4.7.2 It is here that the most fundamental moral decisions of all arise; and it is
here, if only moral philosophers would pay attention to them, that the most
characteristic uses of moral words are to be found. Shall I bring up my children
exactly as I was brought up, so that they have the same intuitions about morals
as I have? Or have circumstances altered, so that the moral character of the father
will not provide a suitable equipment for the children? Perhaps I shall try to
bring them up like their father, and shall fail; perhaps their new environment
will be too strong for me, and they will come to repudiate my principles. Or I
may have become so bewildered by the strange new world that, although I still
act from force of habit on the principles that I have learnt, I simply do not know
what principles to impart to my children, if, indeed, one in my condition can
impart any settled principles at all.
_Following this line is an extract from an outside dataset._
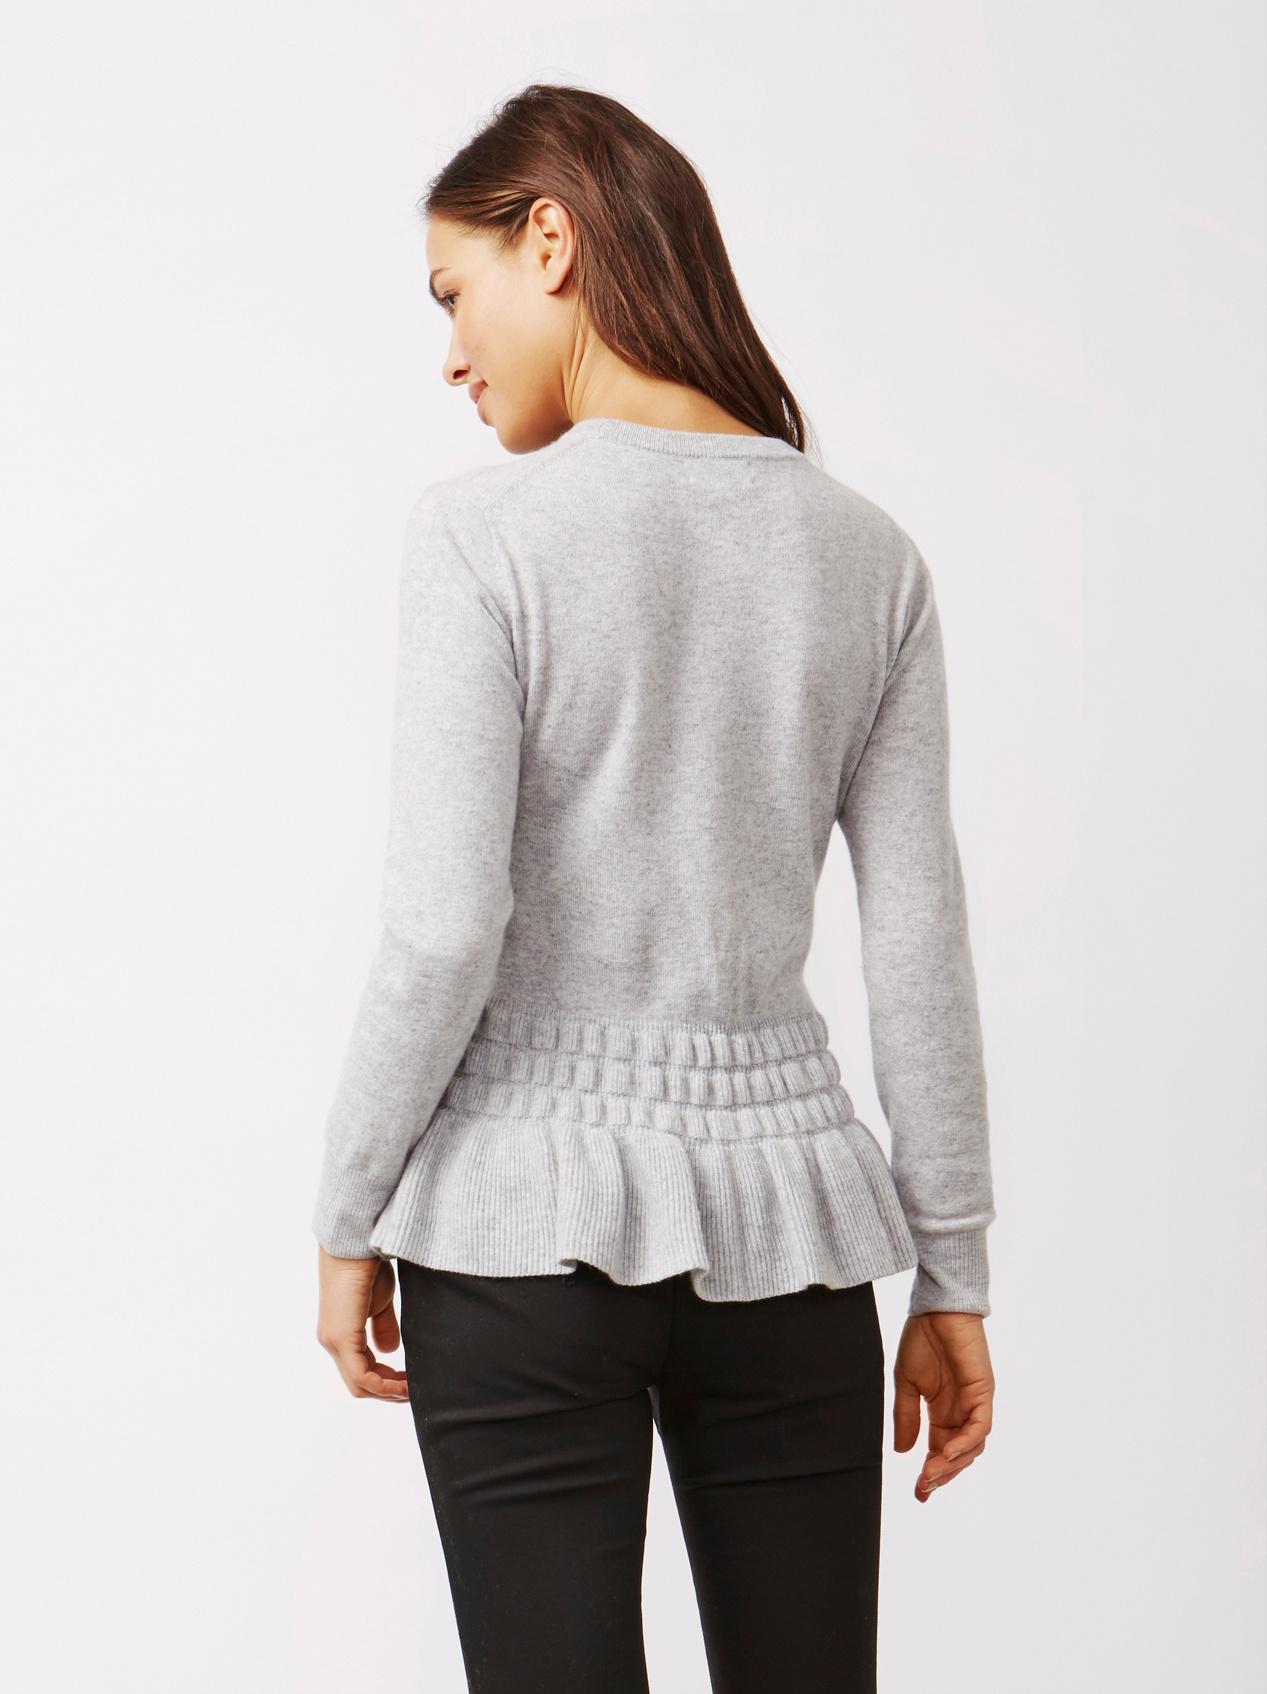 Soft Goat Women's Bottom Ruffle Sweater Light Grey

On all these questions, I have to make up my
mind; only the most hide-bound father will try to bring up his children, without
thinking, in exactly the way that he himself was brought up; and even he will
usually fail disastrously.
Many of the dark places of ethics become clearer when we consider this dilemma
in which parents are liable to find themselves. We have already noticed that,
although principles have in the end to rest upon decisions of principle, decisions
as such cannot be taught; only principles can be taught. It is the powerlessness of
the parent to make for his son those many decisions of principle which the son
during his future career will make, that gives moral language its characteristic
shape. The only instrument which the parent possesses is moral education -- the
teaching of principles by example and precept, backed up by chastisement and
other more up-to-date psychological methods. Shall he use these means, and to
what extent? Certain generations of parents have had no doubts about this
question.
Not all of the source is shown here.